Still, I wouldn’t break out the party hats just yet. To start, the company’s numbers were, objectively, anything but impressive. Overall, net income took a 7% year-over-year tumble, while revenue ticked up fractionally. And comparable-store sales still ended in the red — although the 2% slide was admittedly better than the double-digit one GES stores suffered in Q1.

On top of that, while Guess touted cost controls as part of the reason for the earnings beat — and while the company’s adjusted operating margin in the second quarter did increase 150 basis points to 10.5% — they company’s margins still lag behind its competitors.

Guess’ current trailing 12-month margin operating margin sits just under 10%, while Ralph Lauren’s (RL) operating margin is north of 16%, Gap’s (GPS) is 13% and Buckle (BKE) more than doubles the company with an operating margin of nearly 23%. Unless Guess can bulk up those numbers, it’s going to need much more impressive revenue growth to get earnings growing again.

And I wouldn’t hold my breath for that considering the fact that retail names from Walmart (WMT) to Macy’s (M) have expressed concerns about consumer spending in the U.S. during the coming months, while Guess management itself expressed concerns about spending in southern Europe and China.

No wonder Guess’ third-quarter forecast came in below expectations. GES predicts it will earn between 34 and 38 cents per share — below analyst EPS expectations for 40 cents that even then would translate into a 7% drop.

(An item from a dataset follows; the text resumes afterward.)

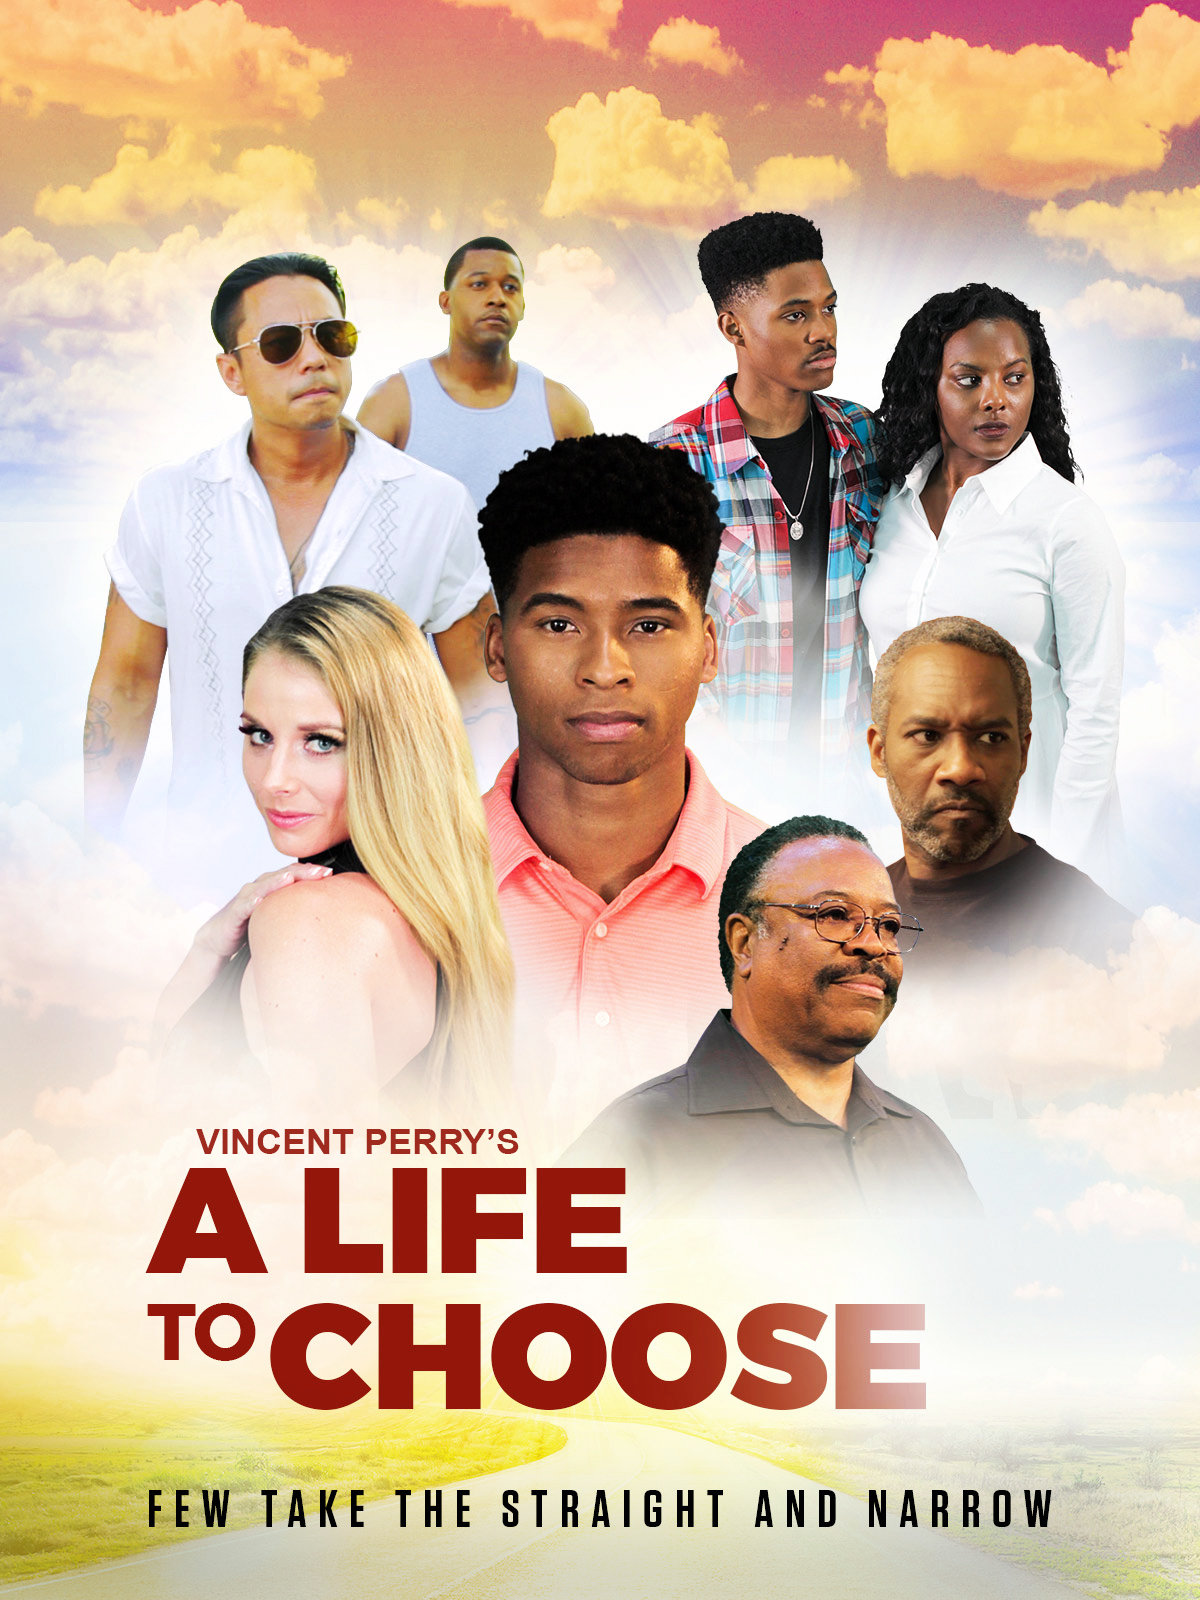 A Life to Choose (2019)

The cherry on top of my hesitancy about Guess is this: Today’s big pop hasn’t made up for the huge chunk of ground lost heading into the report. Guess stock was sitting pretty with year-to-date gains north of 41% in early August, but then investors — likely sensing the stock was getting frothy — began fleeing. GES lost almost 20% of its value in the month leading up to the report, and it still remains well off its early-August high of $34.

For Guess stock to make it through that looming point of resistance, it’s going to need far better results that what we just saw.

As of this writing, Alyssa Oursler did not hold a position in any of the aforementioned securities.